Sul piano dell’interpretazione, la delineazione in termini più articolati del rapporto tra Chiesa e fascismo – un rapporto nel quale risultano significative divergenze – risulta chiara dalla distinzione tra la dimensione autoritaria del fascismo, ben vista all’interno degli ambienti vaticani nell’ottica gerarchica di restaurazione cristiana, e la sua dimensione totalitaria, che comportava la pretesa di invadere ambiti che la Chiesa riteneva di propria stretta competenza. Proprio intorno al concetto di totalitarismo, come si può vedere nelle pagine del libro, nascono i maggiori contrasti e le più chiare rivalità – si pensi a quella tra Opera Nazionale Balilla e Azione cattolica, per esempio – cosicché per l’autrice risulta «legittimo affermare che nel rapporto tra la Chiesa e il fascismo finiscono per confrontarsi due diversi modelli di pedagogia dell’uomo e due mobilitazioni di massa».

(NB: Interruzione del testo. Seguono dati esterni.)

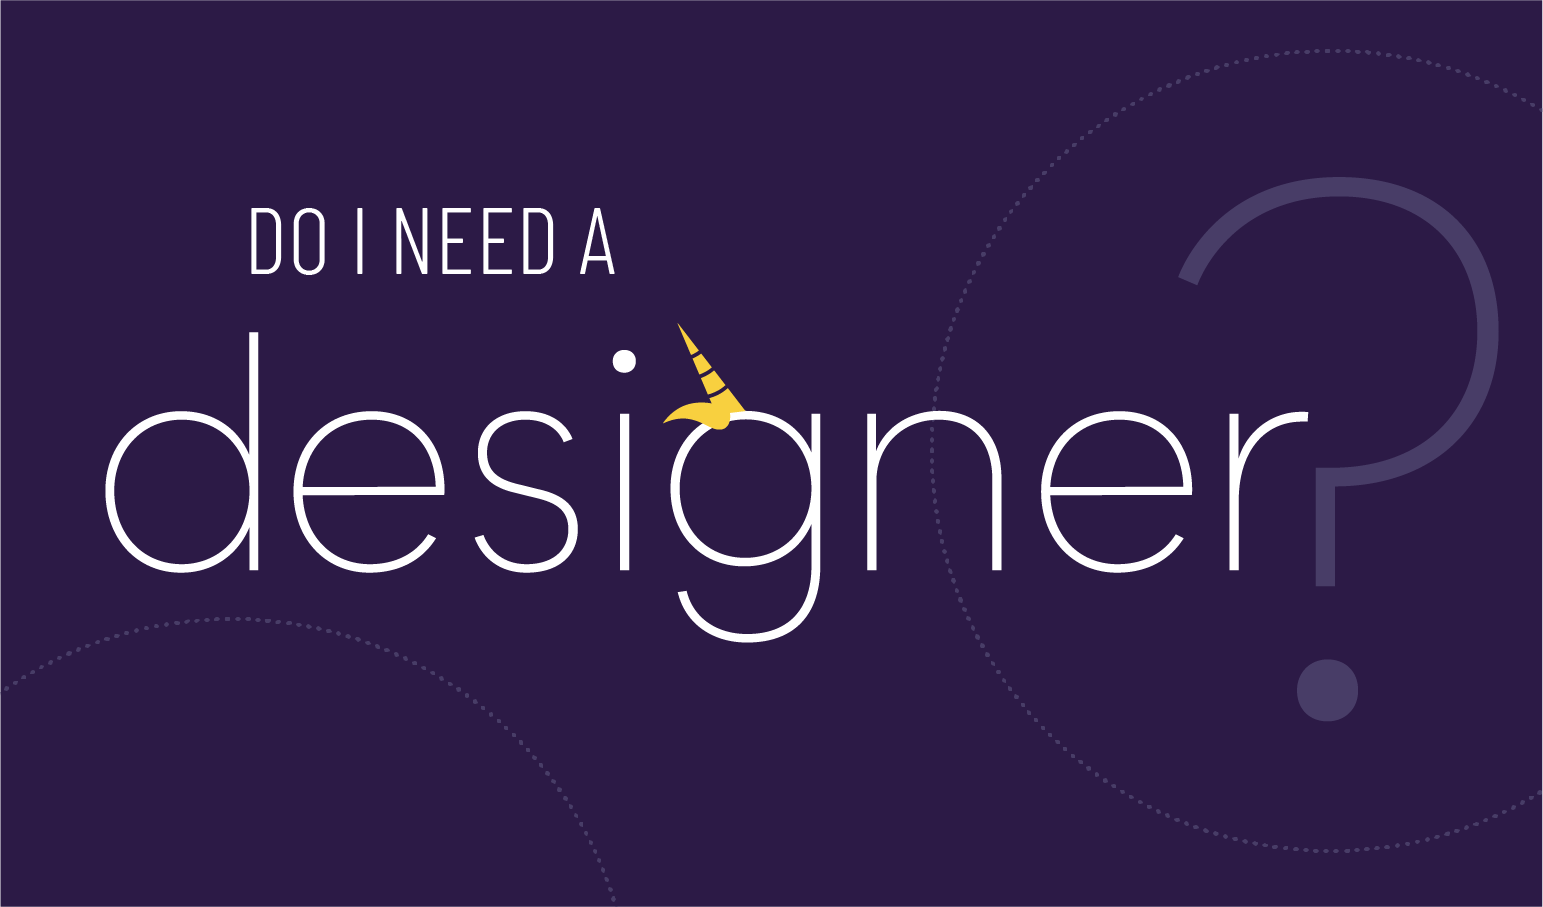 banner that says "Do I need a designer?"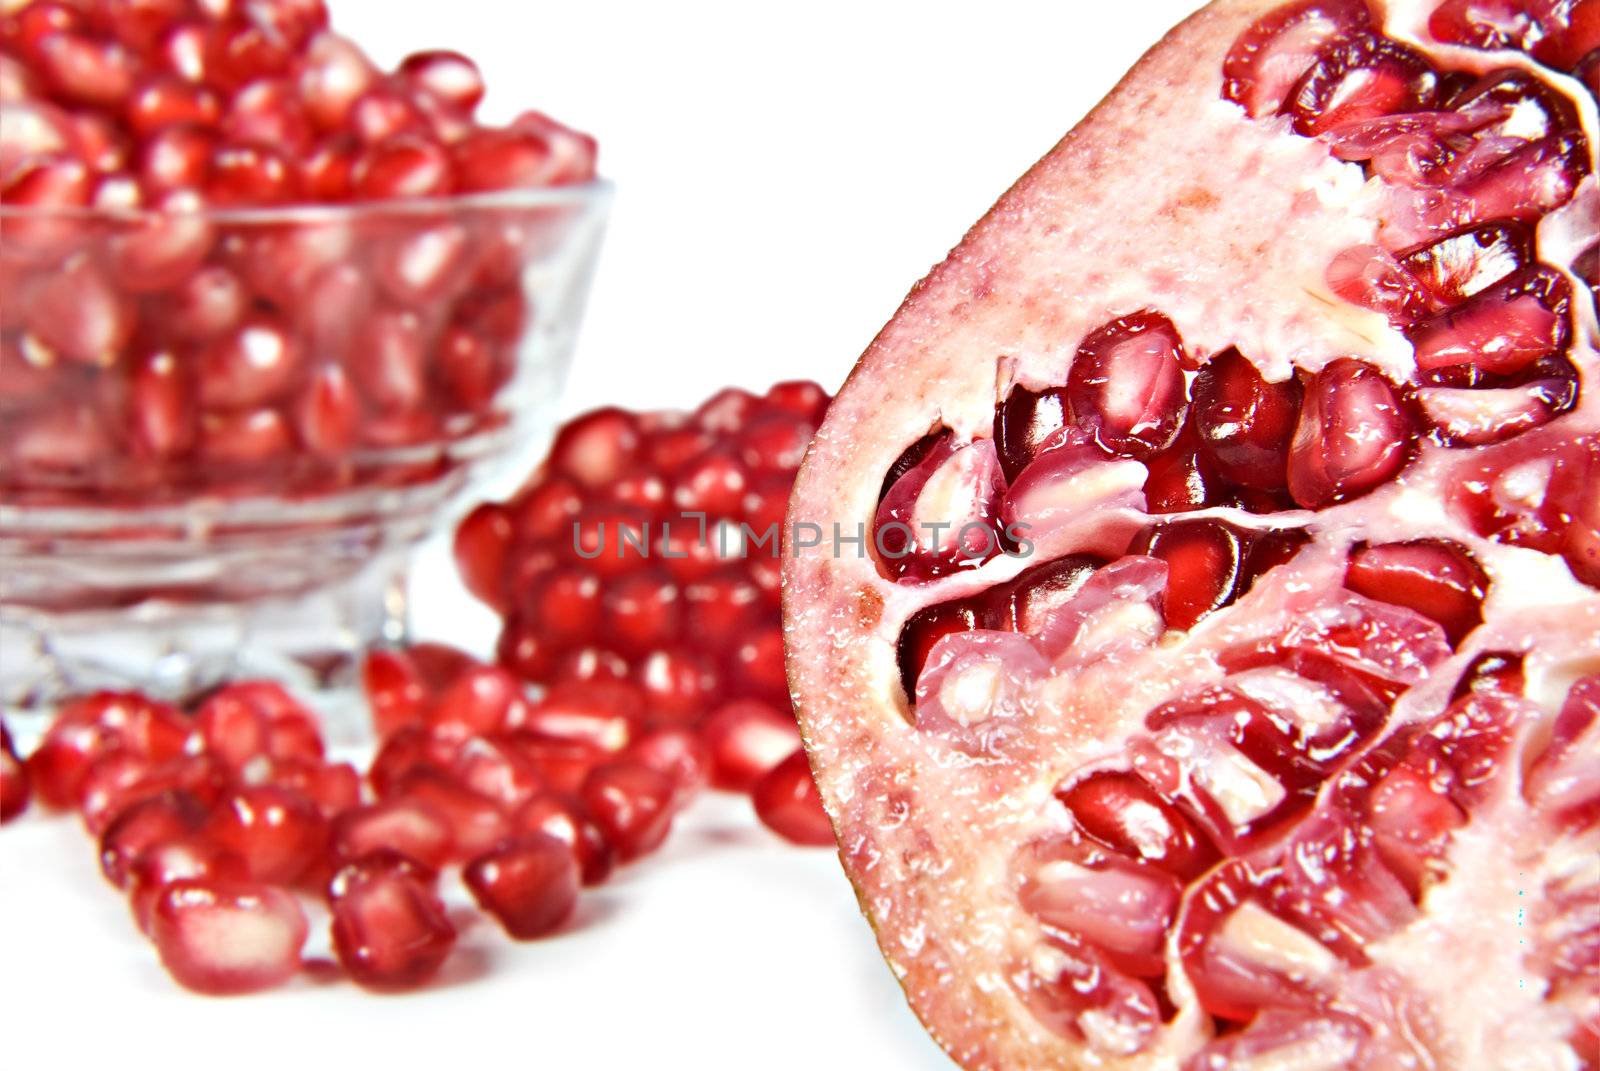 Pomegranate fruit and pipps by tish1

Ulteriore peculiarità del lavoro rispetto a pubblicazioni precedenti, deriva dall’ultimo capitolo, nel quale vengono trattate le vicende della Repubblica Sociale Italiana, durante le quali la Santa Sede, nella confusione politico-istituzionale dell’Italia, seppe accreditarsi come interlocutore privilegiato per la ricostruzione morale dell’Italia.